**Requirement**
Repeat every line of the listing below exactly, minus the pictures.

(Beginning of Exercise data)

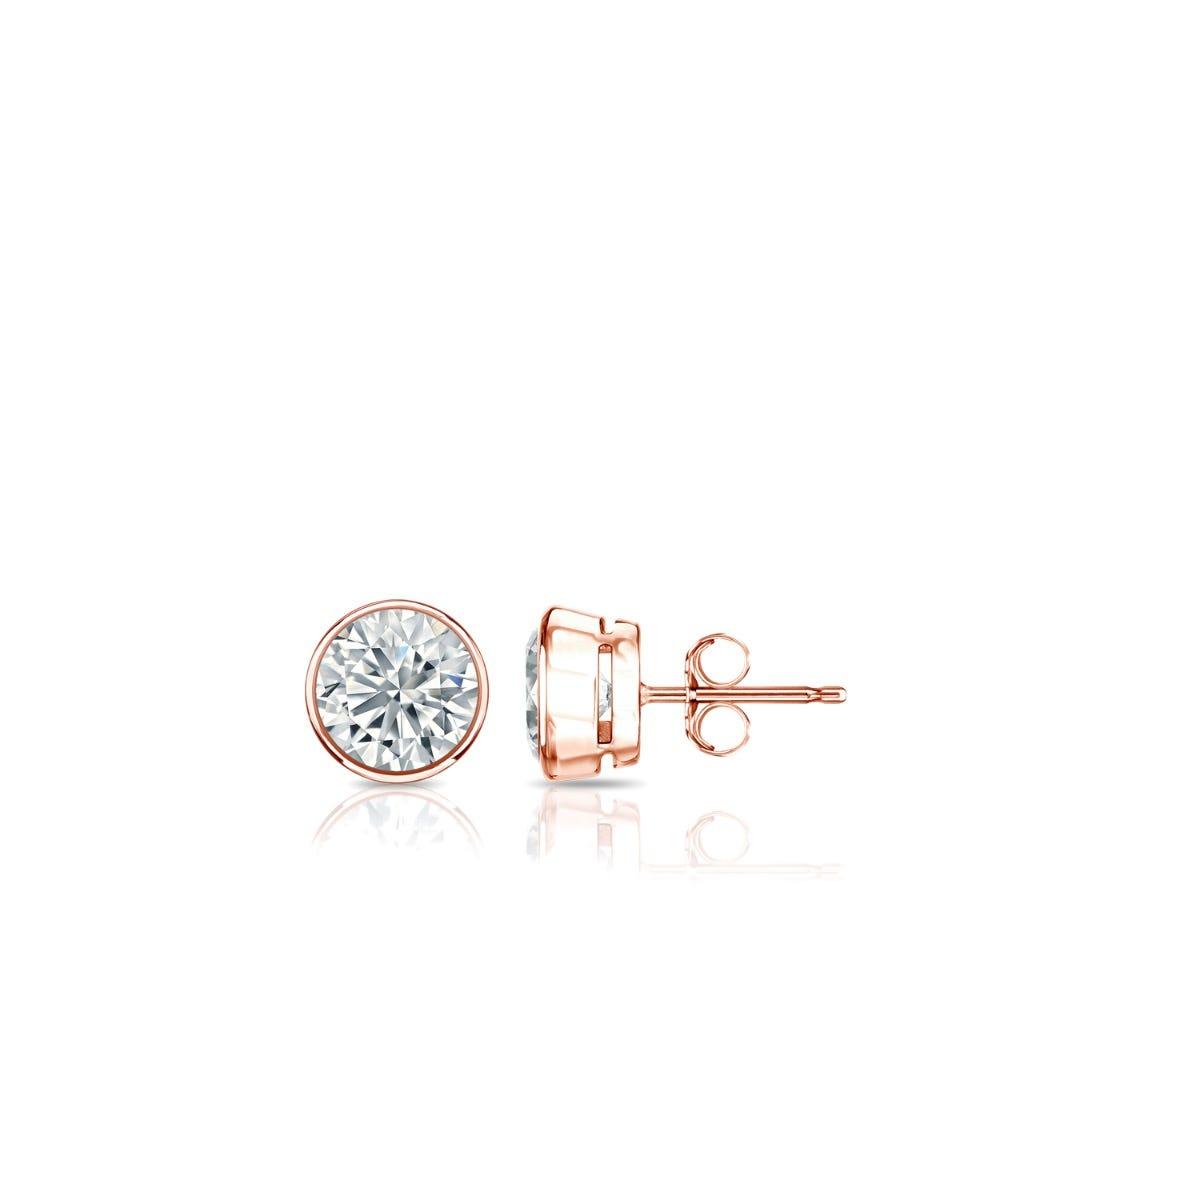 Diamond Round Bezel-Set 1/10ctw. Solitaire Stud (IJ-I1) Earrings in 14K Rose Gold
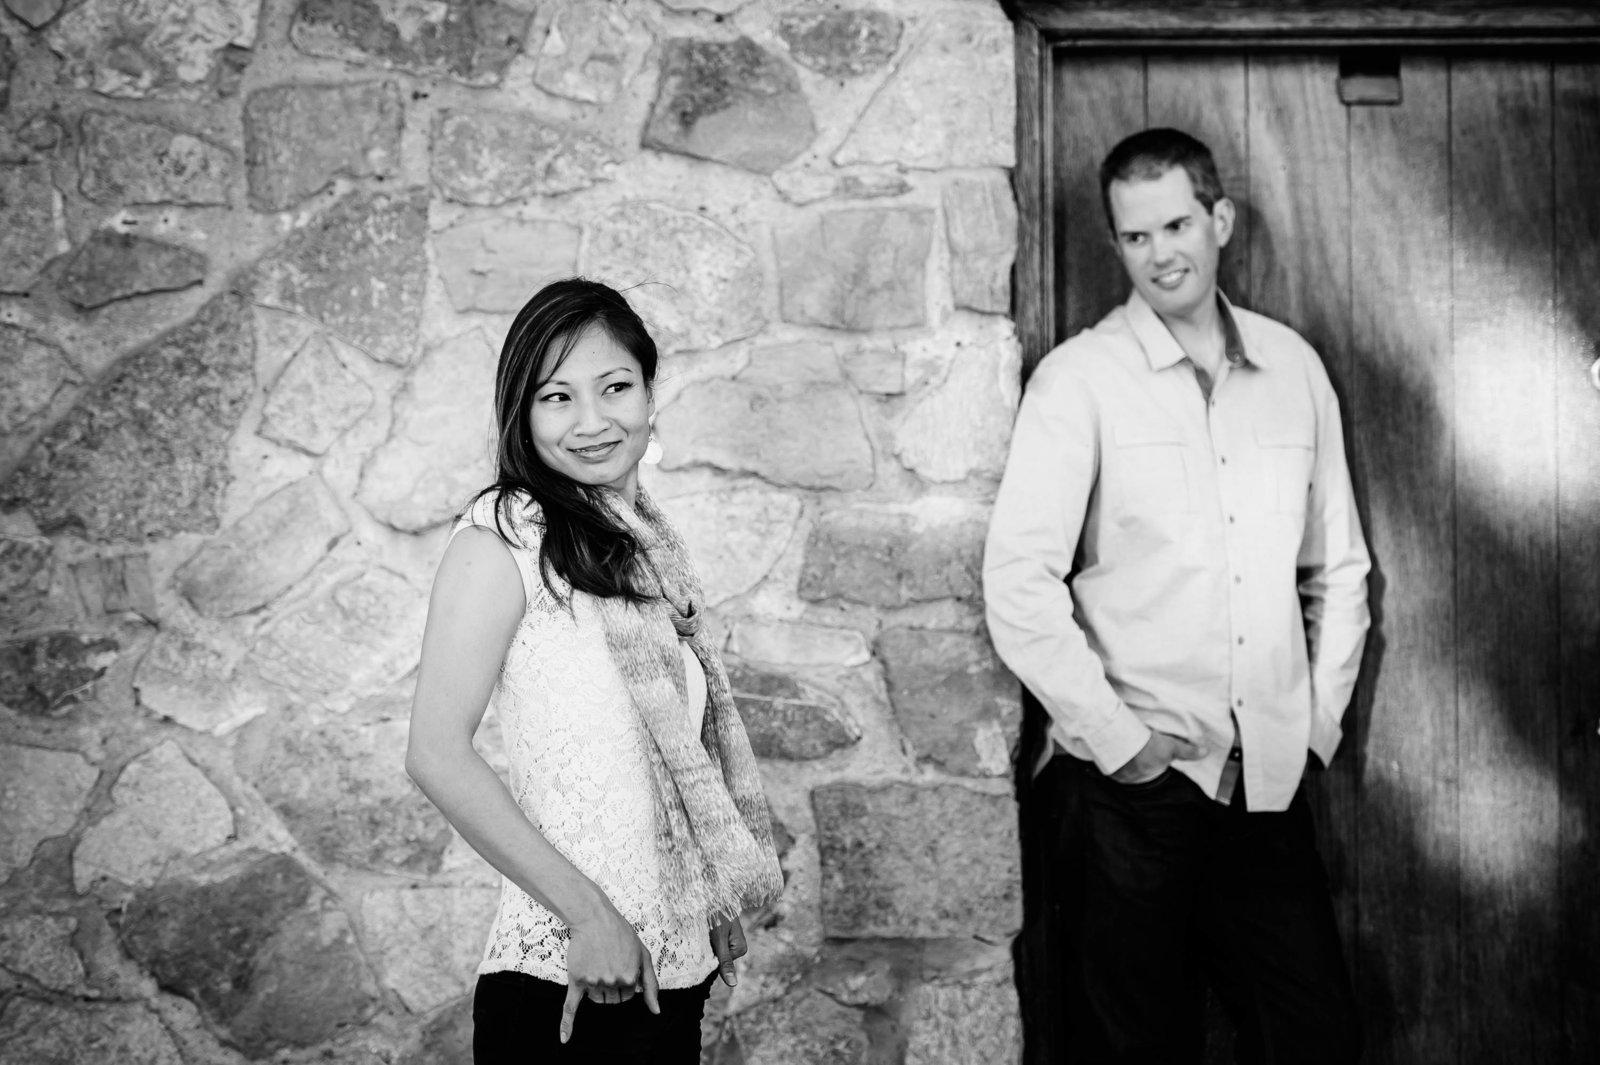 064-El-paso-wedding-photographer-HeRi_0093
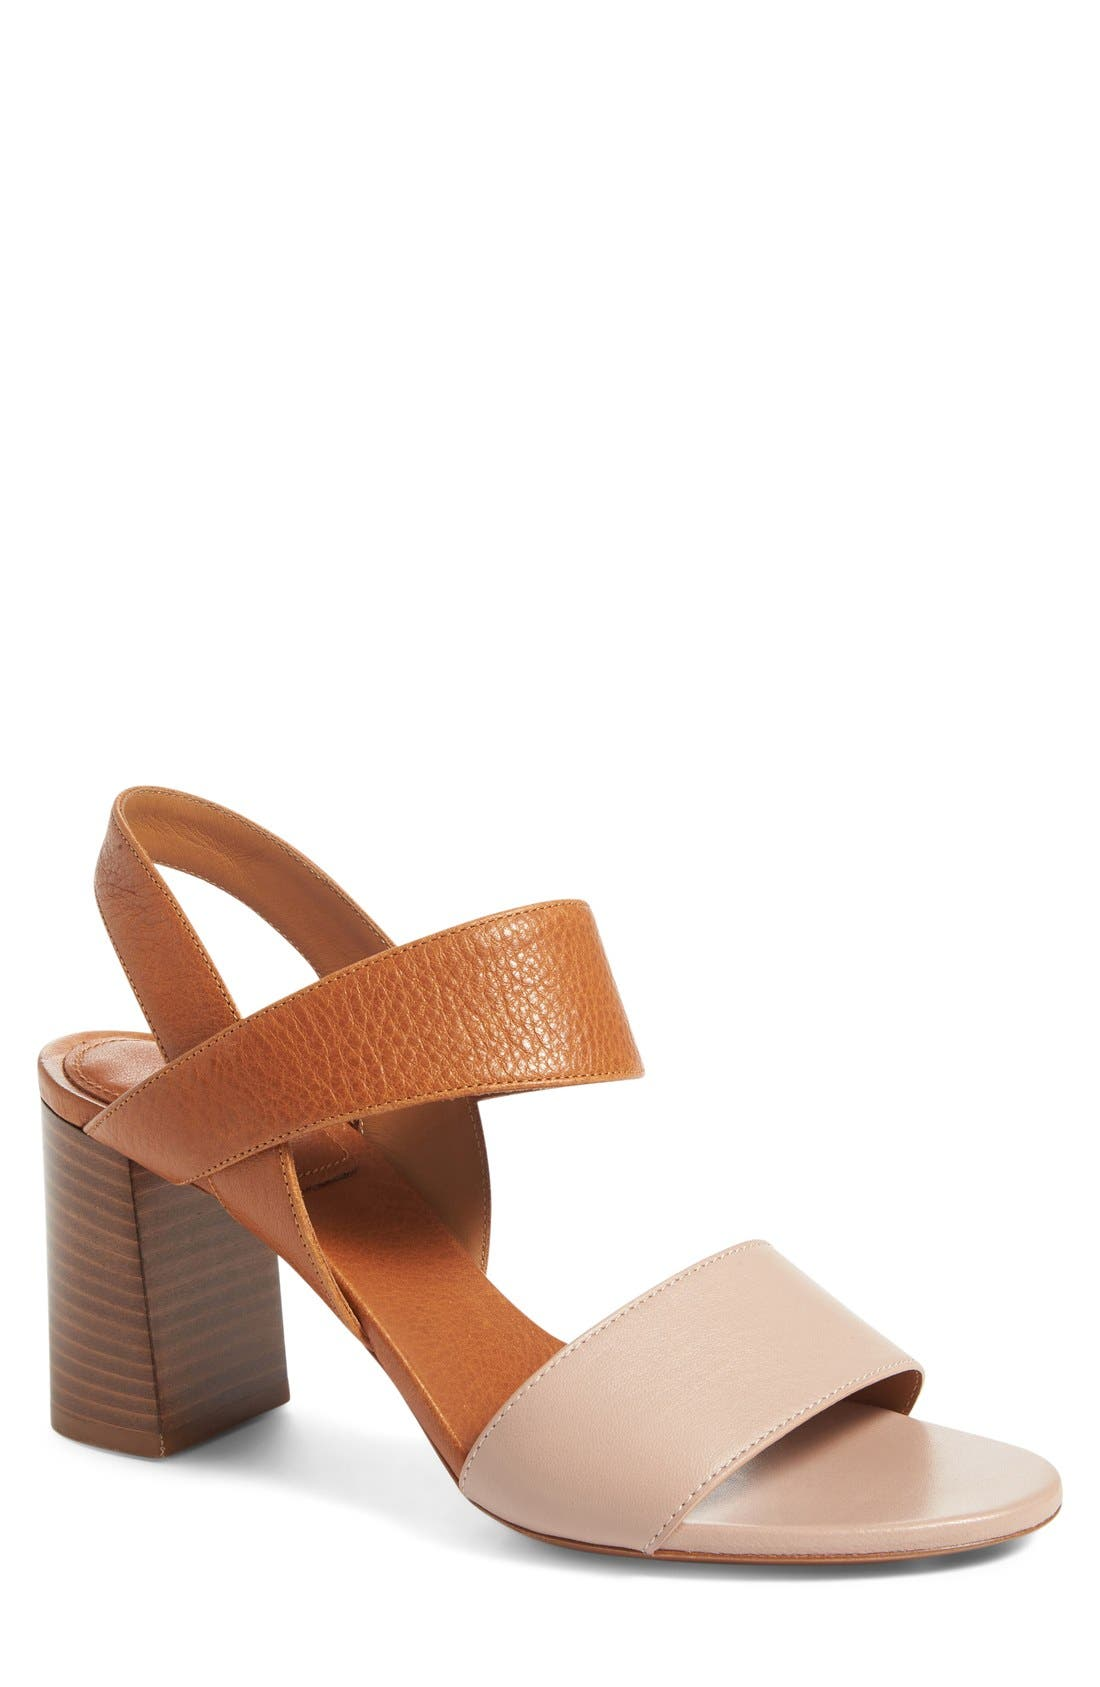 Main Image - Chloé Mia Block Heel Sandal (Women)

(End of Exercise data)

**Answer for this exercise**
 Diamond Round Bezel-Set 1/10ctw. Solitaire Stud (IJ-I1) Earrings in 14K Rose Gold
 064-El-paso-wedding-photographer-HeRi_0093
 Main Image - Chloé Mia Block Heel Sandal (Women)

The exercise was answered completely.